All analyses were adjusted for sex, age and genetic ancestry. In EMIF we used the first four genome-wide PCs and in ADNI the first ten, taking into account the higher population admixture. We performed analyses both with and without adjusting for diagnosis (dummy coding for MCI and AD), to avoid collider bias in case the genetic variant and PC are both independently causative of AD [35]. To characterize which specific variants drive the gene associations, we followed up gene hits with a single variant regression analysis model analogous to the SKAT analyses.

Mediation tests

Genes with exome-wide significance were followed up with mediation tests. The mediation models tested whether genes impact dementia via their influence on the examined neurodegenerative process. The outcome in the models were MMSE scores and the mediator was the PC showing an exome-wide significant association with the gene. MMSE scores were normalized using a previously described method [36]. Mediation tests were performed with SMUT, an intersection-union test based on SKAT [37]. We regressed outcomes on sex, age, and genetic ancestry and z-score standardized the resulting residuals within cohorts. Normalized MMSE scores were residualized jointly across cohorts using sex, age, and genetic ancestry. These residuals were also used to correlate the PCs with MMSE to better characterize the PCs using spearman correlations. We also looked up the total effect of the genes with MMSE using the same MetaSKAT model as used with the PCs.

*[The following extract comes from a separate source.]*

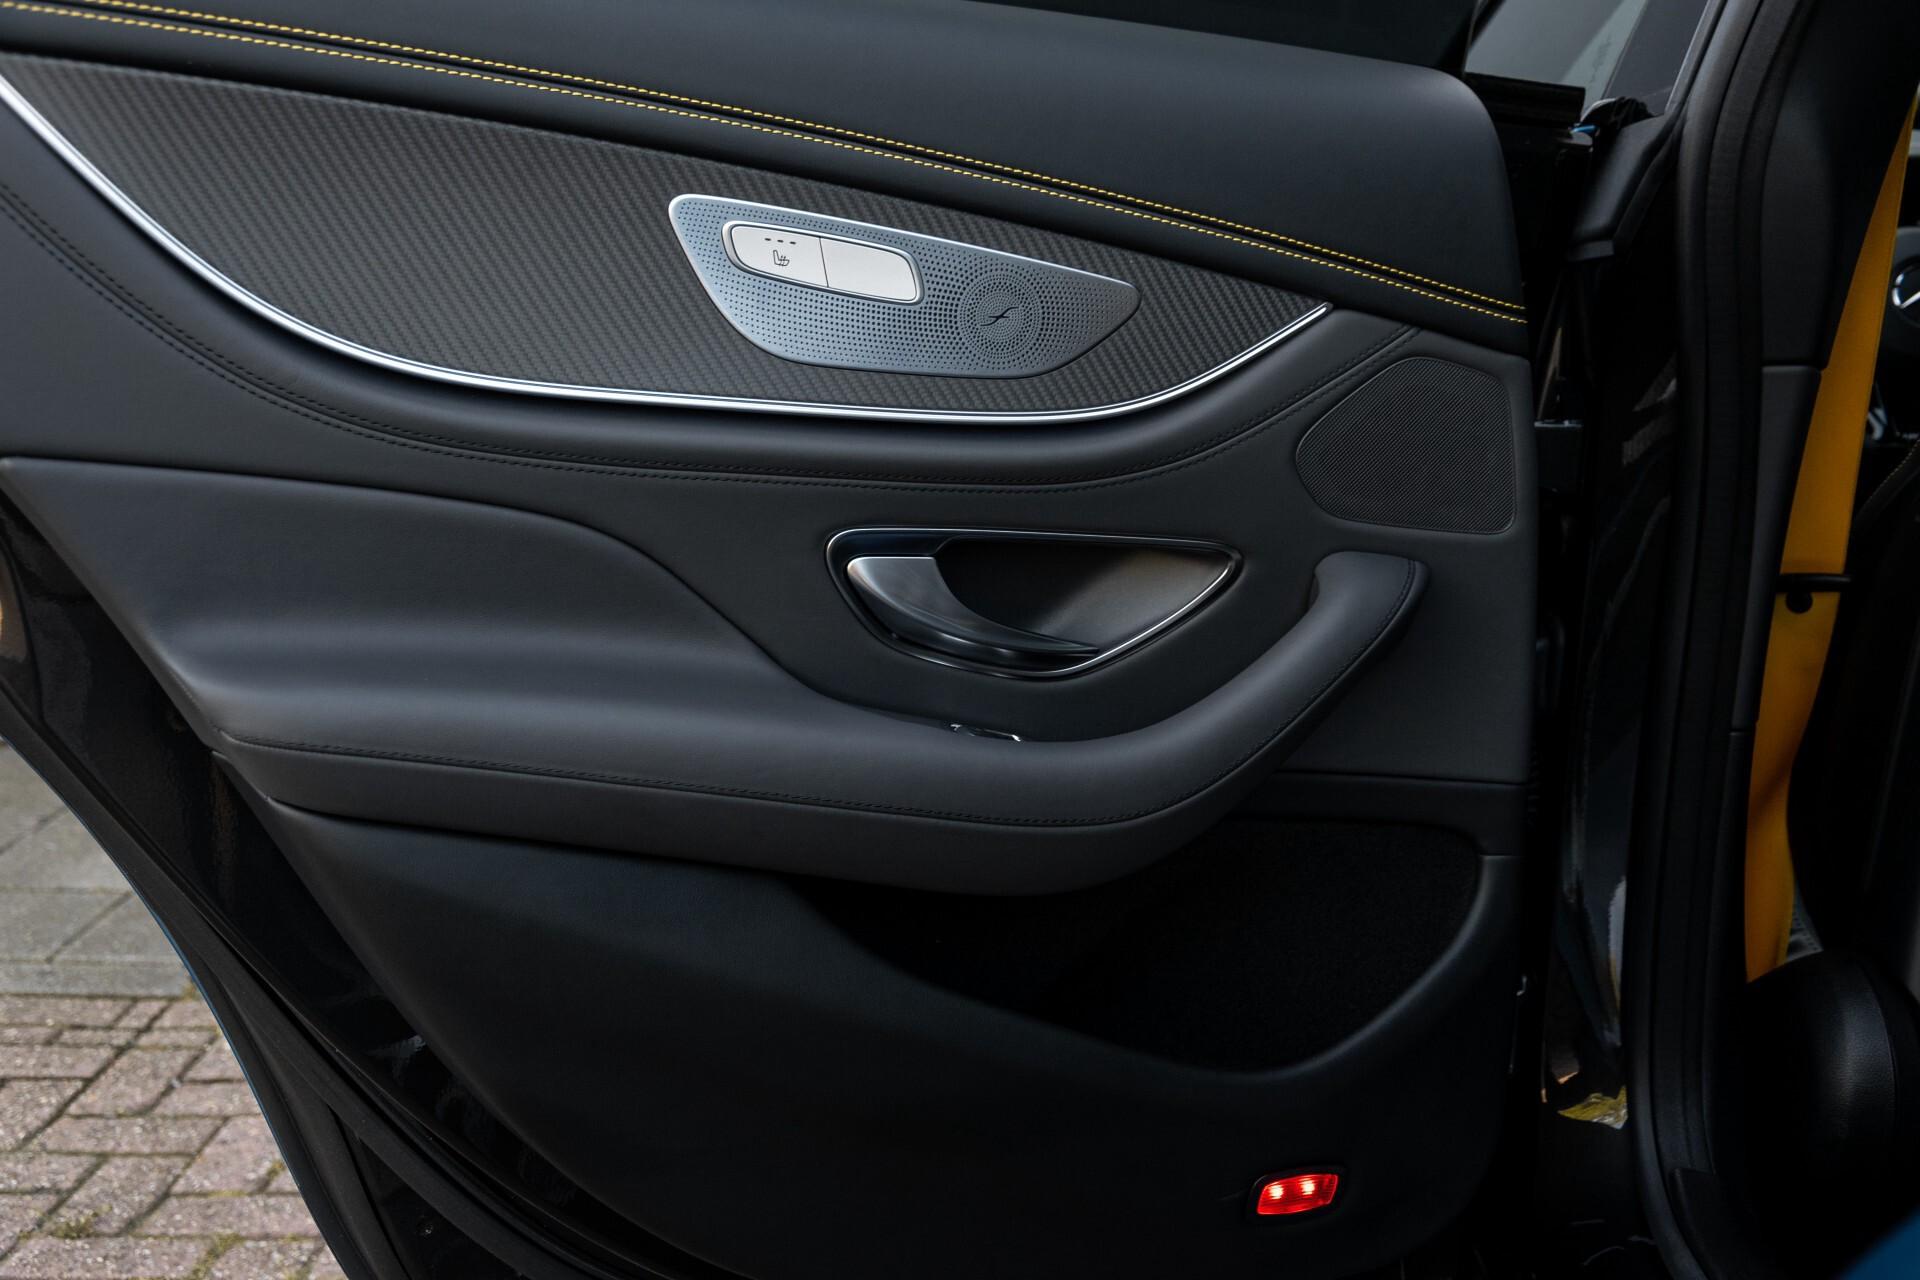 Mercedes-Benz AMG GT 4-Door Coupe 63 S 4MATIC+ Edition 1 Keramisch/Carbon/First Class/Dynamic Plus/Burmester High End 3D Aut9 Foto 60

Descriptive statistics are presented in Table 1. Both EMIF and ADNI represent an elderly population of comparable ages, but EMIF recruited a larger proportion of participants with AD. The included sample of ADNI concerned only participants with no or mild cognitive impairment, resulting in a higher mean score of the MMSE, indicating better performance. See Supplementary Figs. S1 and S2 for biomarkers and PC distributions per diagnosis category.

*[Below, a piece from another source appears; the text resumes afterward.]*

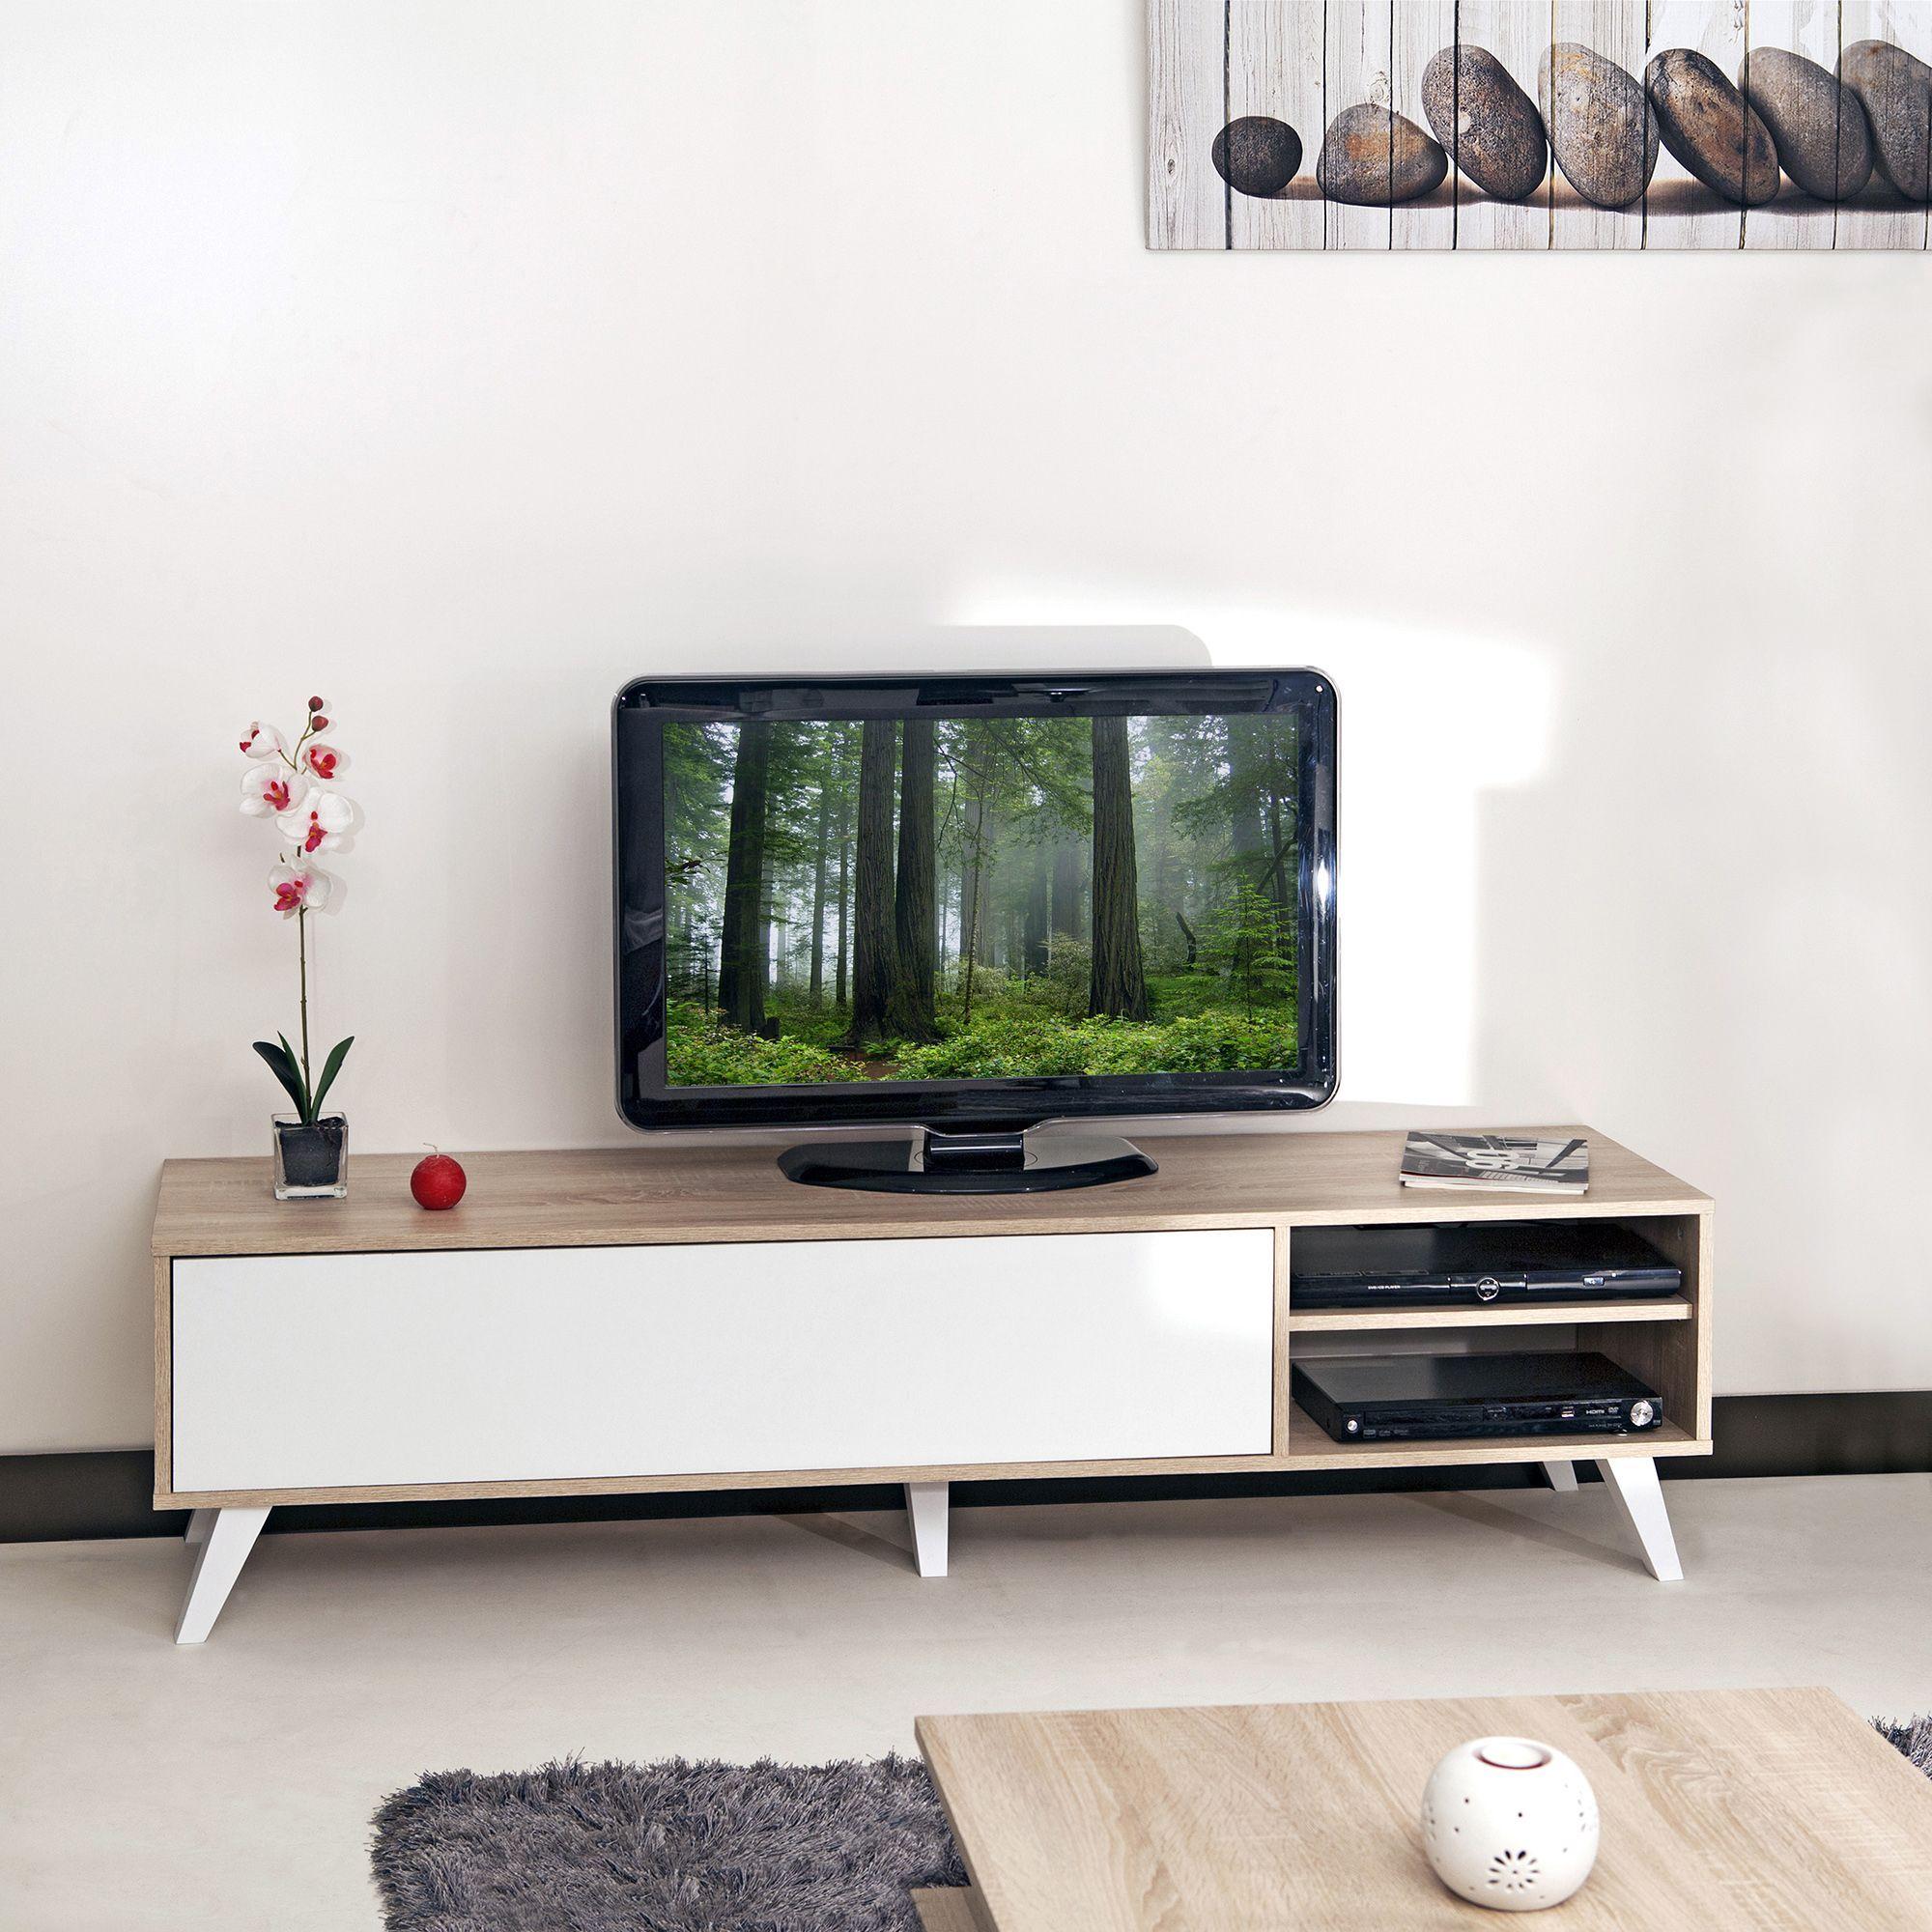 meuble tv style scandinave coloris

Table 1 Participant characteristics.


The cross-validation informed the use of five components (Table 2). The first component loaded strongly on the tau measures and moderately on Ng and YKL-40. Given the component’s strong loading on tTau and pTau, but also at the same time moderate loading on other aspects of neurodegeneration, we interpret the component as representing tau pathology and neurodegeneration in general. This tau pathology/degeneration PC was negatively correlated with MMSE (r = −0.19). The second PC loaded mostly on NfL, with a moderate loading on YKL-40, thus we can interpret it as indicating neuronal injury and inflammation. This PC correlated with MMSE negatively as well (r = −0.22). The third component was highly specific to Aβ and had the strongest correlation with dementia symptoms in the expected positive direction (r = 0.28). The fourth component loaded mostly on YKL-40 with weak loadings on tTau and NfL. This component did not correlate with MMSE scores and was therefore labeled Non-AD Inflammation. The final component loaded mostly on Ng, with weak loadings on the tau measures, but again no correlation with dementia symptoms and therefore is named Non-AD Synaptic functioning

Table 2 PCA results.

The PCA results were highly consistent across both studies, however, association magnitudes with MMSE differed between studies, with ADNI showing lower effect sizes. We also performed a sensitivity analysis in a larger sample not filtered for availability of genetic assessments. The same five components were identified and loadings were nearly identical, differing at most by 0.05 (Supplementary Table S1).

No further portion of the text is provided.